KOMPAS.com - Sebagian masyarakat kini masih menggunakan micin atau MSG sebagai penyedap rasa sintesis penambah rasa dalam masakan. Begitu pula dengan masyarakat pesisir Kelurahan Trajeng, mayoritas masih masih mengonsumsi makanan dengan vetsin.
Peduli akan kesehatan masyarakat, tim mahasiswa Universitas Airlangga yang tergabung dalam tim Program Kreativitas Mahasiswa Pengabdian Masyarakat (PKM-PM) Universitas Airlangga membuat penyedap rasa alami berbahan ikan lemuru dan rumput laut.
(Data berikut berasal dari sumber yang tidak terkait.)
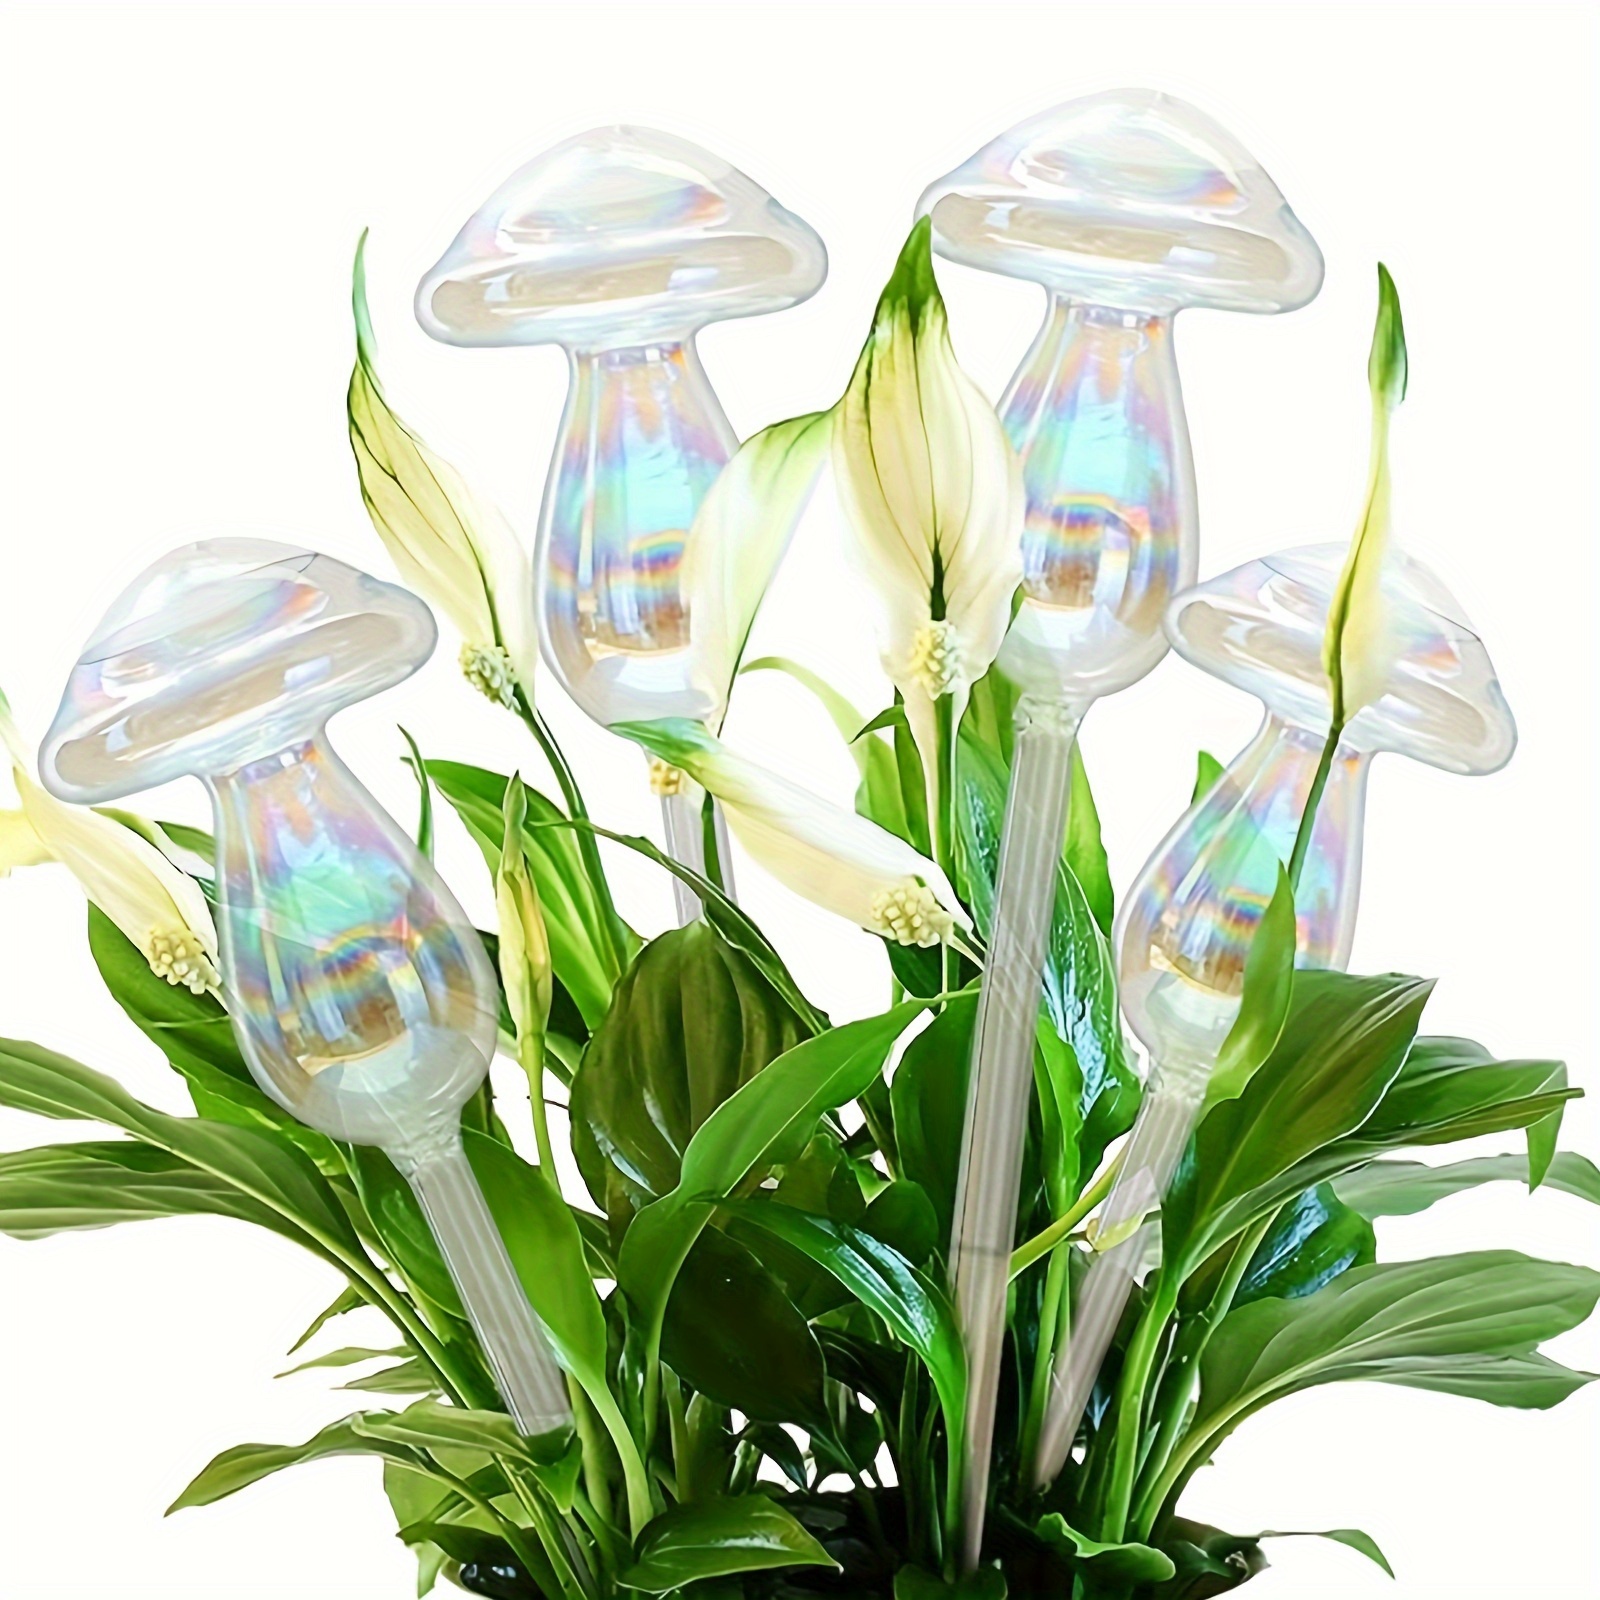 

4pcs, Plant Watering Globes Iridescent Rainbow Gradient Color Clear Mushroom Self Watering Spikes Plant Watering Bulbs Devices For Indoor And Outdoor Plants Measures 9" L X 2.7" D

Berdasar studi awal yang dilakukan mahasiswa Universitas Airlangga (Unair), masyarakat Trajeng sebenarnya telah mengerti efek keseringan mengonsumsi makanan dengan micin seperti asma, sakit kepala, obesitas, hipertensi, kerusakan sel, kerusakan ginjal, dan depresi. Namun, belum adanya pengganti micin, membuat masyarakat masih terus menggunakannya.
Baca juga: Peneliti IPB: Tanaman Herbal Ini Berkhasiat Redakan Asam Urat
Meski begitu, masyarakat menunjukkan keinginan kuat untuk beralih penyedap rasa sintetik ke alami.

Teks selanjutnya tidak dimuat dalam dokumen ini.